A Harrisonburg U.S. District Court dismisses this declaratory judgment action filed by three FM radio stations asking the court to declare that broadcasts, made via a geofencing technology yet to be implemented, are exempt from liability for copyright royalties under sections 112 and 114 of the Copyright Act; plaintiffs’ allegations are too speculative, indefinite and hypothetical to allow the court to make a judgment as to whether the proposed broadcasts will result in copyright infringement or not.
The Copyright Act permits radio stations to broadcast copyrighted sound recordings if the broadcast is part of a “retransmission of a nonsubscription broadcast transmission” and the “transmission is not willfully or repeatedly transmitted more than a radius of 150 miles from” the site of the station’s radio broadcast transmitter. Should a station willfully or repeatedly retransmit recordings beyond that radius, it must pay for the privilege of using any copyrighted sound recording.
Defendant Sound Exchange Inc. is a nonprofit organization designated by the Copyright Royalty Board to collect royalties from broadcasters on behalf of copyright owners who join its membership. SoundExchange is the sole collector of royalties due under statutory licenses. Plaintiff stations hope to implement a technology known as geofencing which they claim will allow them to restrict retransmitted broadcasts to listeners physically located within the 150-mile radius. The stations claim they have not yet implemented this technology due to the substantial financial investment it would require and the unresolved legal question of whether geofencing will exempt them from copyright liability.
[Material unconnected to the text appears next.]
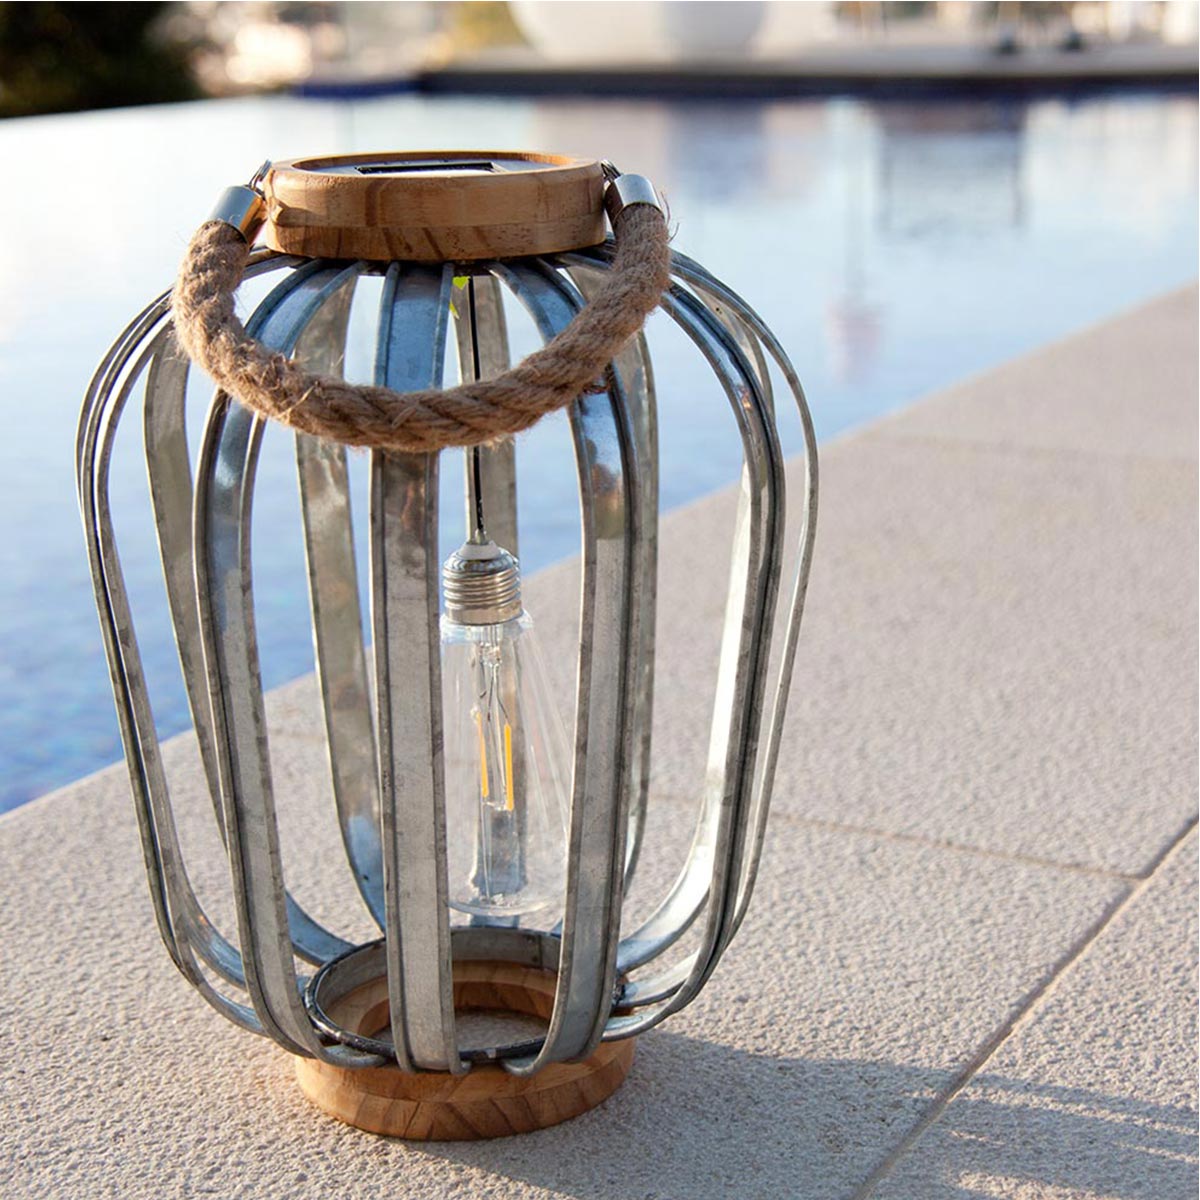 Lanterne solaire bohème en bois et acier galva poignée corde ampoule filament LED blanc chaud JAVA H45cm - REDDECO.com
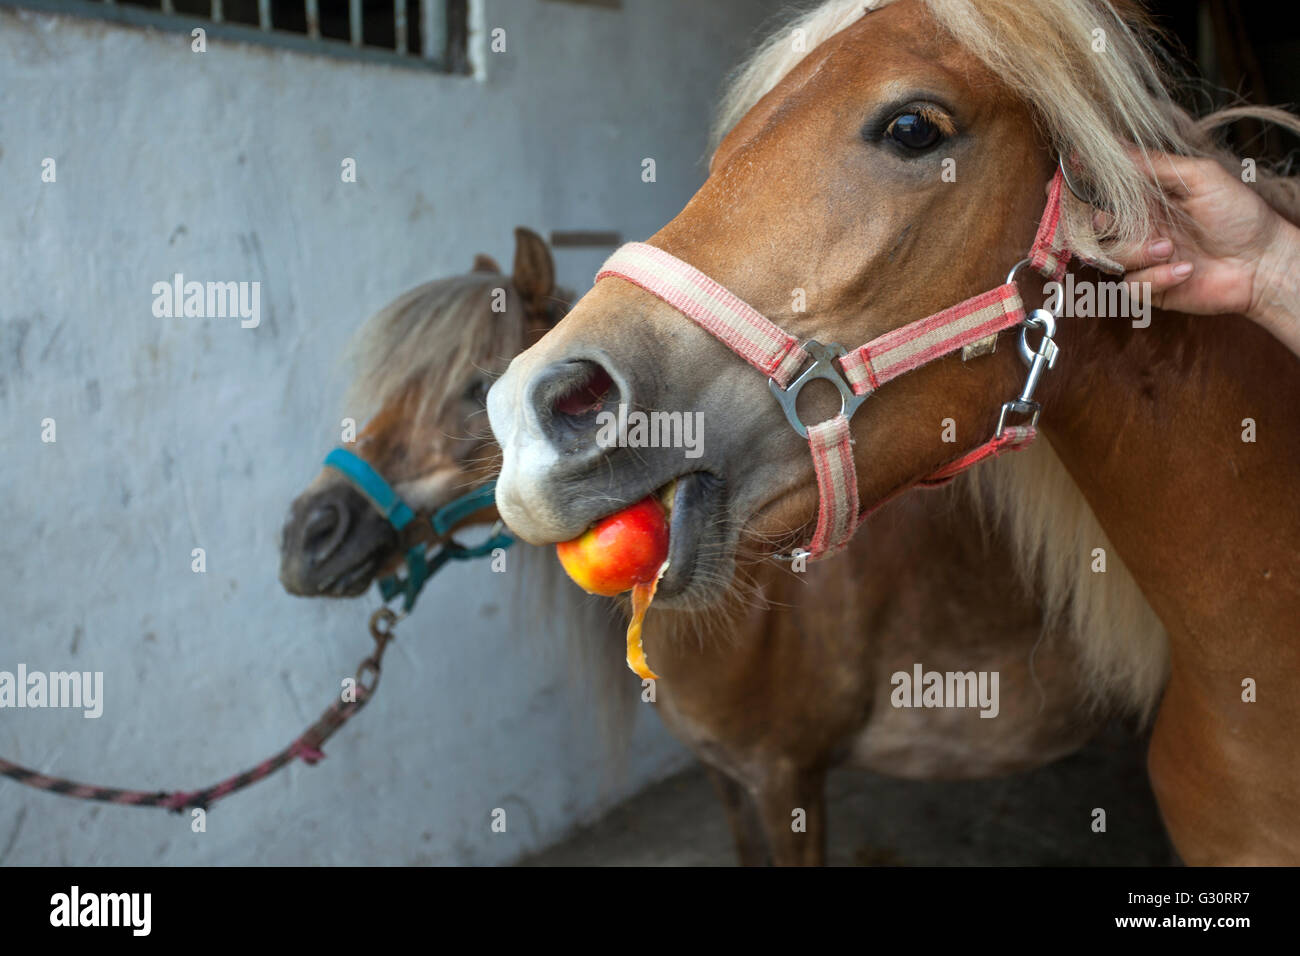 Nourrir un cheval un apple Banque D'Images

The magistrate judge recommend dismissing the suit pursuant to Rule 12(b)(1), finding that while the parties disagreed as to the interpretation of the Copyright Act, the stations failed to allege any cognizable injury fairly traceable to SoundExchange. Plaintiffs object, arguing that because the magistrate judge focused on liability for copyright infringement, he overlooked potential contract liability for the two plaintiff stations operating under the statutory license. The court will limit its review only to the issue of the “contract-based claim” as to the other two stations, a claim which was neither raised in the letter giving rise to the suit nor pleaded in the complaint.
Nothing about the stations’ allegations remotely resembles a contract claim. The stations do not ask the court to interpret or enforce the claimed contract – the statutory license. Rather, they seek a declaration that they will meet an exemption from copyright liability under an exemption in the Copyright Act. The real issue here does not concern the terms of the statutory license entered into by two of the plaintiff stations and administered by SoundExchange. Rather, the entire issue focuses on the Copyright Act exemption.
Thus, the magistrate judge neither erred nor failed to address the stations’ arguments by focusing his analysis on § 114(d)(1)(B)(i) and concluding that the injury here was not fairly traceable to SoundExchange. Although SoundExchange refused to give assurances that the stations would not face legal challenges with implementation of the geofencing technology, such a refusal to give assurances does not create an actual controversy.
Granting leave to amend would be futile. The stations have done little or nothing to demonstrate that geofencing is anything more than a pipe dream.
WTGD 105.1 FM v. SoundExchange Inc. (Urbanski) No. 5:14cv15, Feb. 13, 2015; USDC at Harrisonburg, Va. VLW 015-3-097, 12 pp.